Well obviously you didn't KNOW their value and you probably never would. You were never educated in stones or diamonds. There are no schools, in fact there is hardly a developed languaged. In that life, the most important struggles were finding food for your family day to day. The only way you can be wiser about the stones, is by learning about them. But how do you do that, when there is no opportunity for you to learn? How do you know, that you even need to learn, when you are ignorant to the fact that you are uneducated?

Bleh, my story analogy sucks!!

*******

Anyway, I guess what I am trying to say, is that you fear and have guilt because you have been taught these things. Not just taught from a christian educational point of view. Our culture has been deeply established within the western christian philosophy for centuries.. It invades our education, politics and social culture on every level. We have also been told that we have free-will. So when we make mistakes, a typical person may say, it was our own *free will* that did it!! Or, to a christian, it was our vulnerability to satan, who lead us astray because we are not right with God.. etc.

Free will however can only extend to what we know. How do we make the correct choices if we are ignorant to what our choices are? How do we change our thinking when we are taught to think a certain way?

*********

Bluntly put.. and this I understand, that as my journey with God, is possibly only *my journey.* When I believed the bible was the only divine word of God, I lived in terrible fear of hell, death, sin etc.. and like you also mentioned.. separation from my family. I had panic attacks at the very idea of entering *sinful* environments.

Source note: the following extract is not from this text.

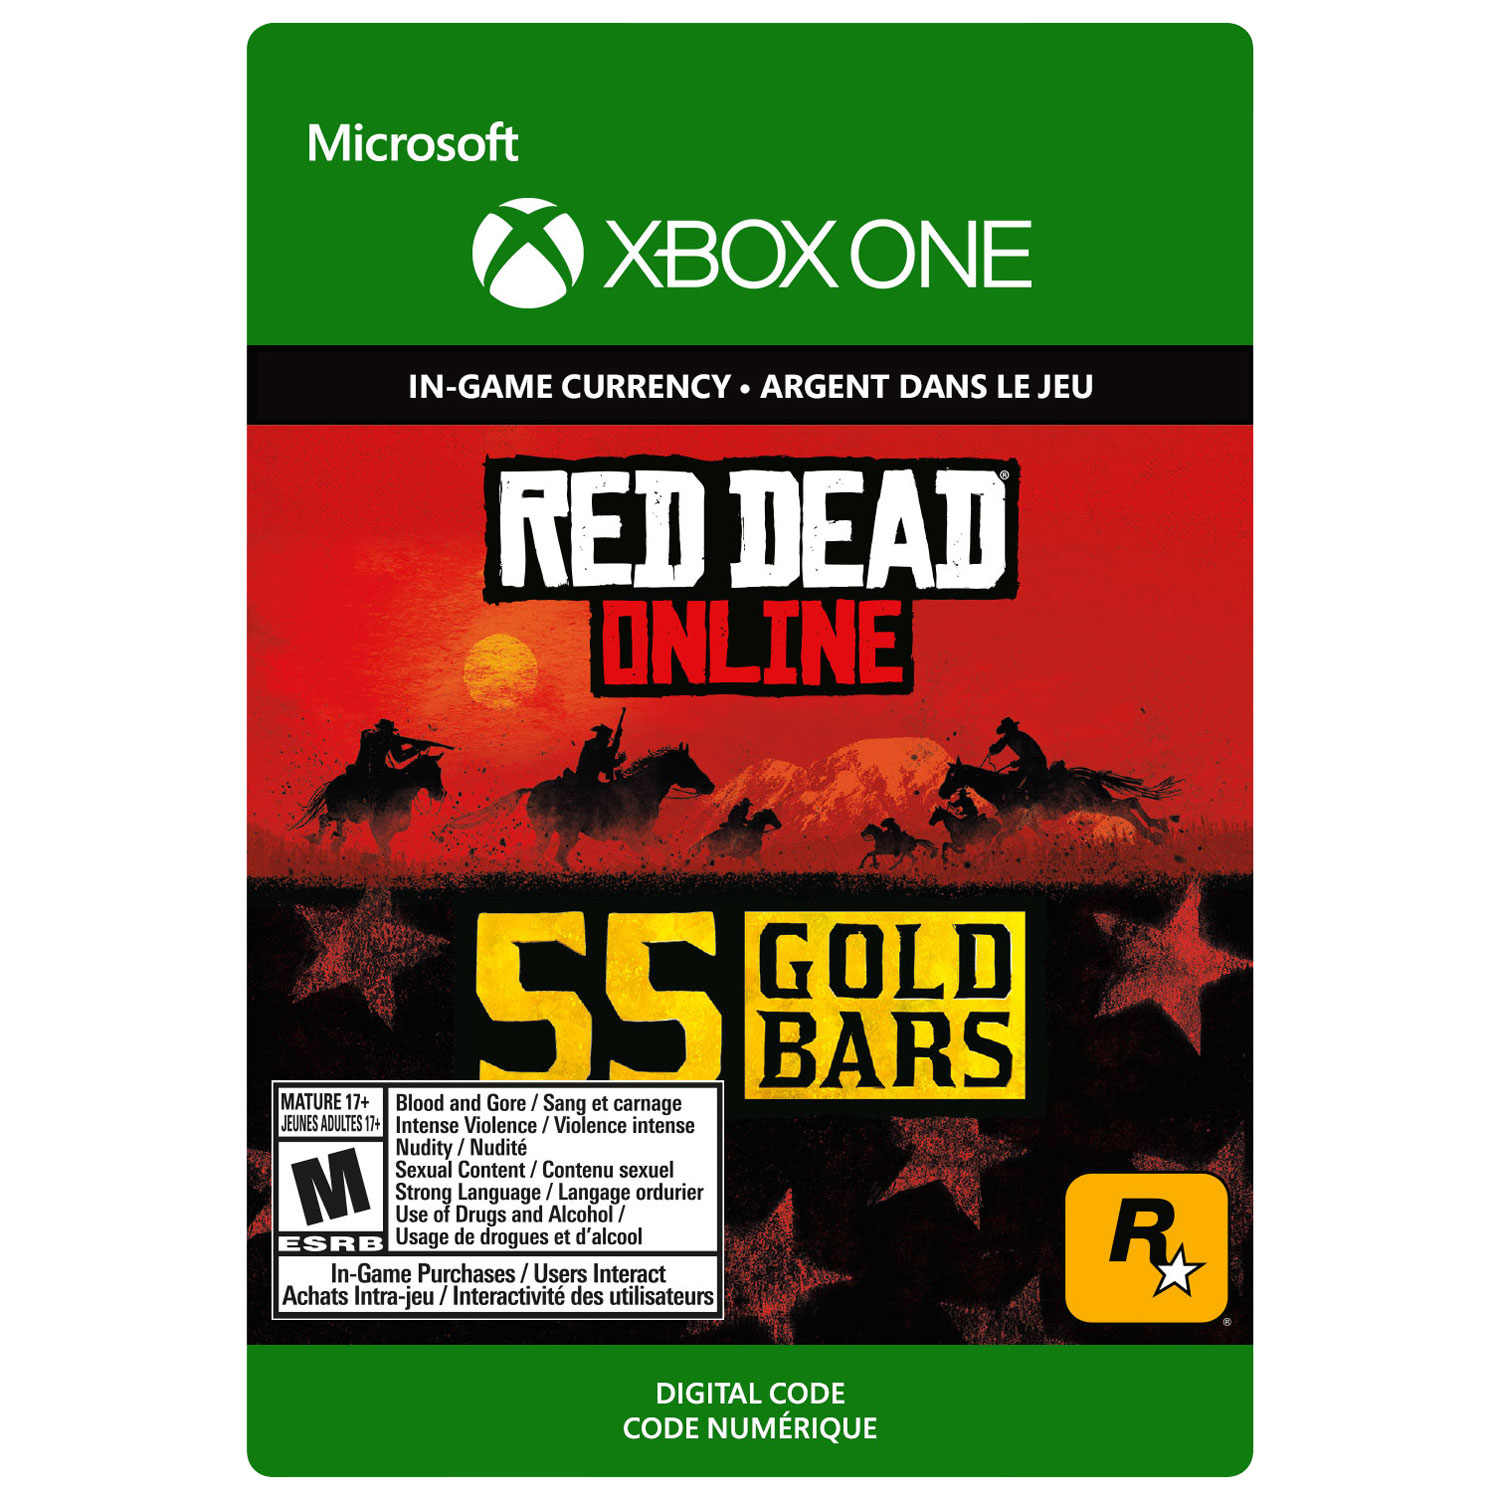 Red Dead Redemption 2: 55 Gold Bars (Xbox One) - Digital Download

How to resolve this fear..? I had to destroy my belief in the *divine bible* and learn to be loved by God from many sources. But none so important as God itself.

Having said this, I DO NOT think the bible is worthless. I love the bible, it is an extraordinary book of faith and love, but I hate it also.. not only because of the fundamentalism and evil it has created. But there are some individual passages that I feel although maybe divinely inspired at the time of their author, are no longer relevent to a faith that has evolved quite evilly in 2000 years.

A final note. Just because I didn't find God within church, doesn't mean other people can't. Alot of people obviously do, or they wouldn't be there.

Willow
03-14-2006, 09:21 AM
Hi Forsaken, Your words are so gentle and comforting... thank you. I loved the story too!!!! Wow! What an eye opener! I guess I'm in process of doing something similar to what you did... destroying the old and making room for the new. I have to do it very slowly or else it upsets my system. Over the course of 6 years I've come a long way... I'm still working through a lot of bad inner beliefs though. I"m going to read over your post again when I get off work... more carefully and prayerfully. There is a lot of wisdom there for me... and comfort.